## STUDY MATERIAL
***

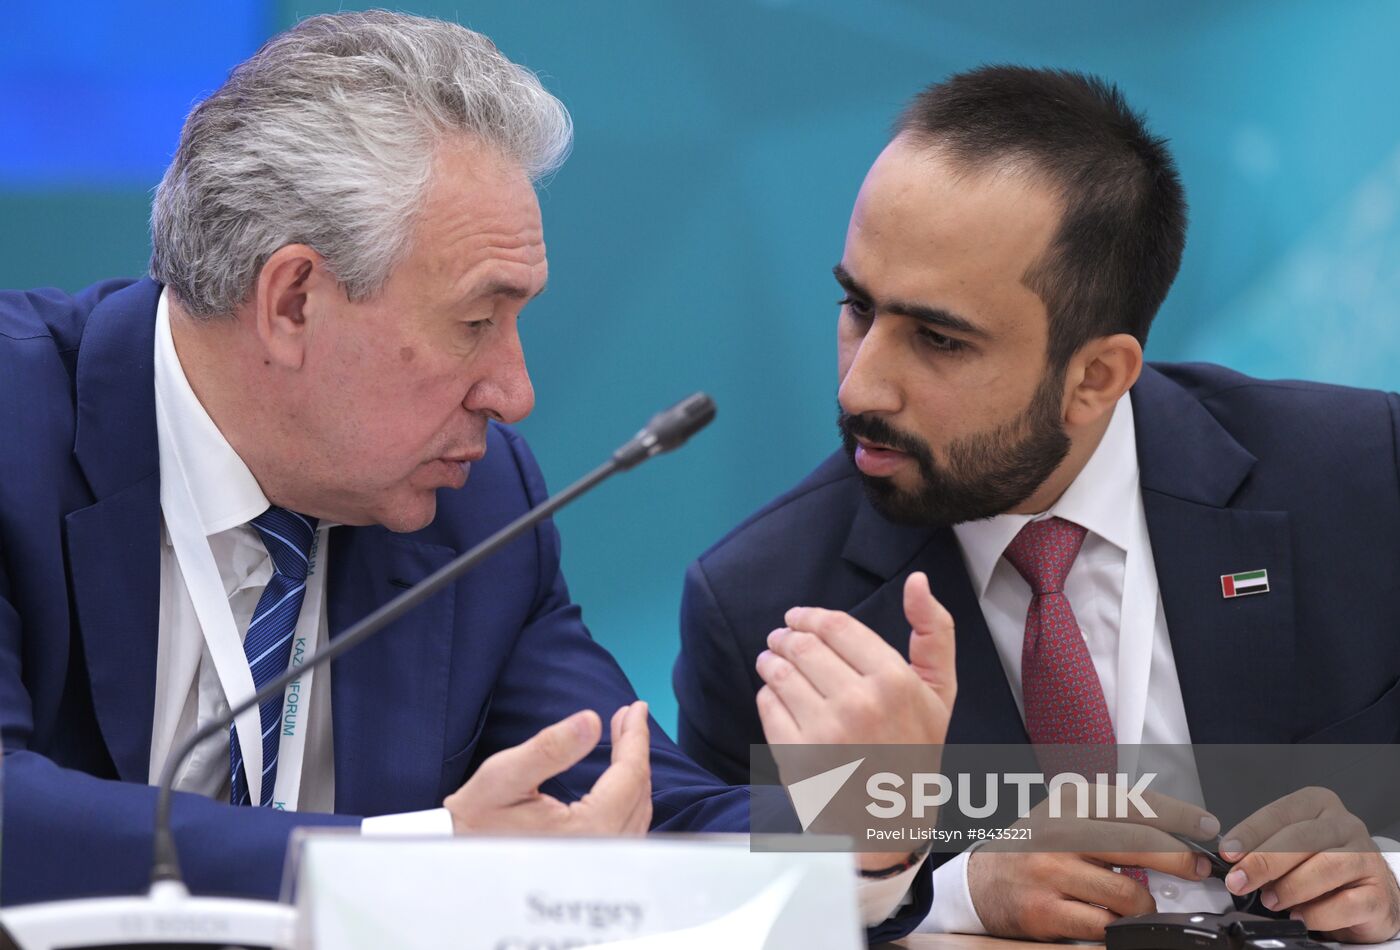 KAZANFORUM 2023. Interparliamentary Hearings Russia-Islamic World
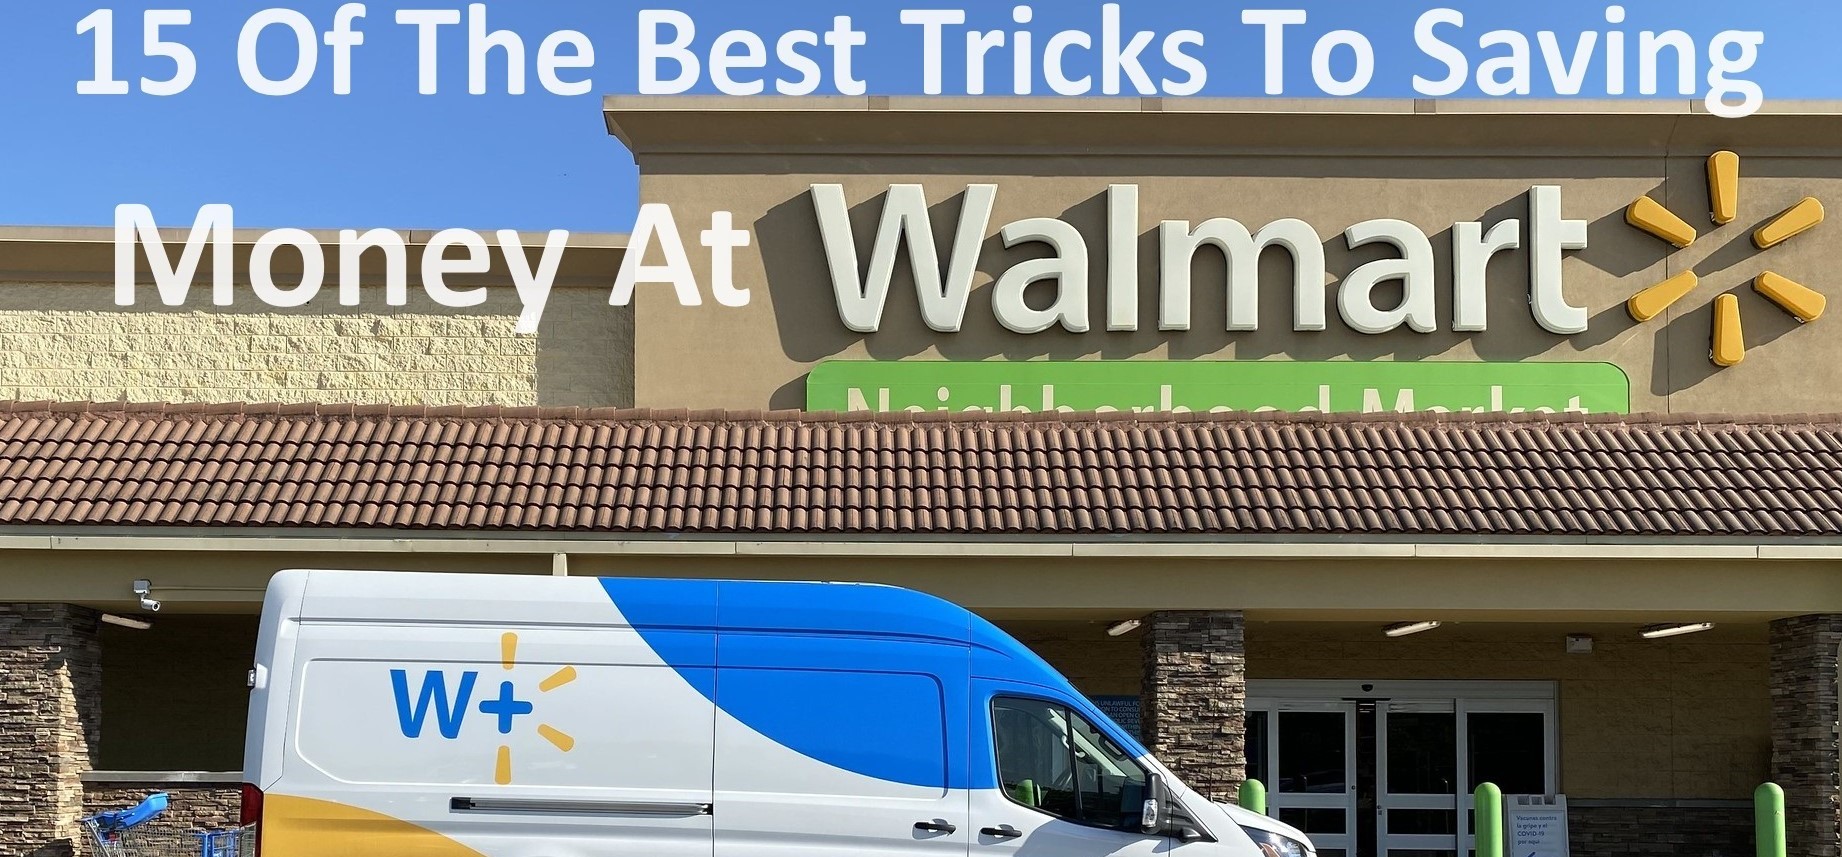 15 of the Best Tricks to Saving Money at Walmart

***

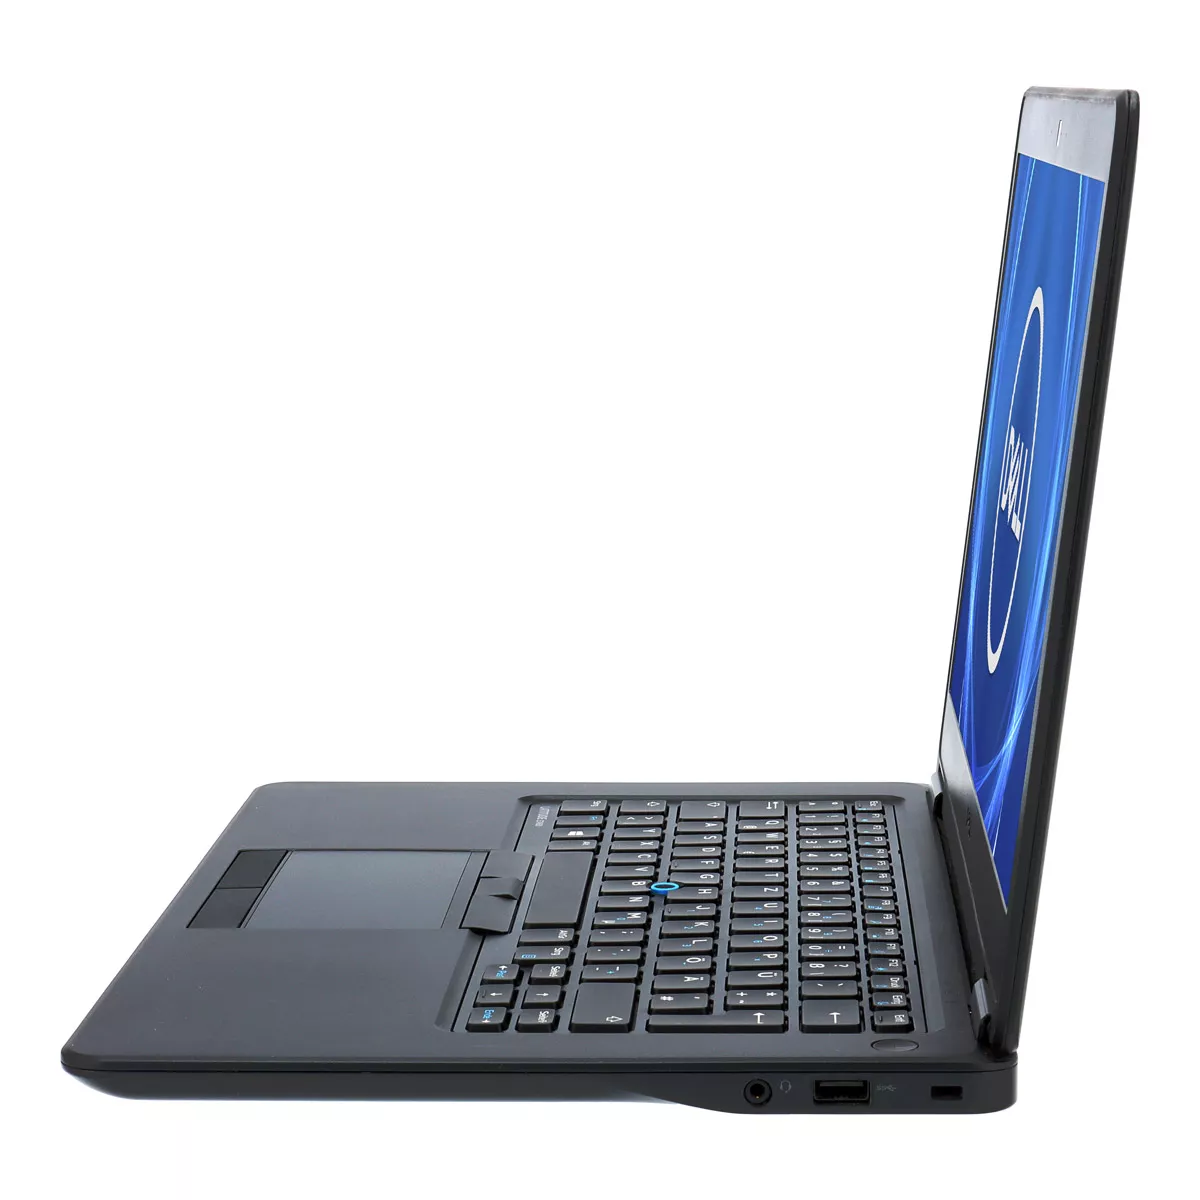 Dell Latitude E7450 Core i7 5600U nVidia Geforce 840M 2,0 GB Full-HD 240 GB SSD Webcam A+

***

## EXERCISE DETAILS
Within the listing above, the stretch from the line with "KAZANFORUM 2023. Interparliamentary" down to the line with "15 of the Best" is to be given again exactly, end lines included and pictures excluded.

## ANSWER FOR THIS EXERCISE
 KAZANFORUM 2023. Interparliamentary Hearings Russia-Islamic World
 15 of the Best Tricks to Saving Money at Walmart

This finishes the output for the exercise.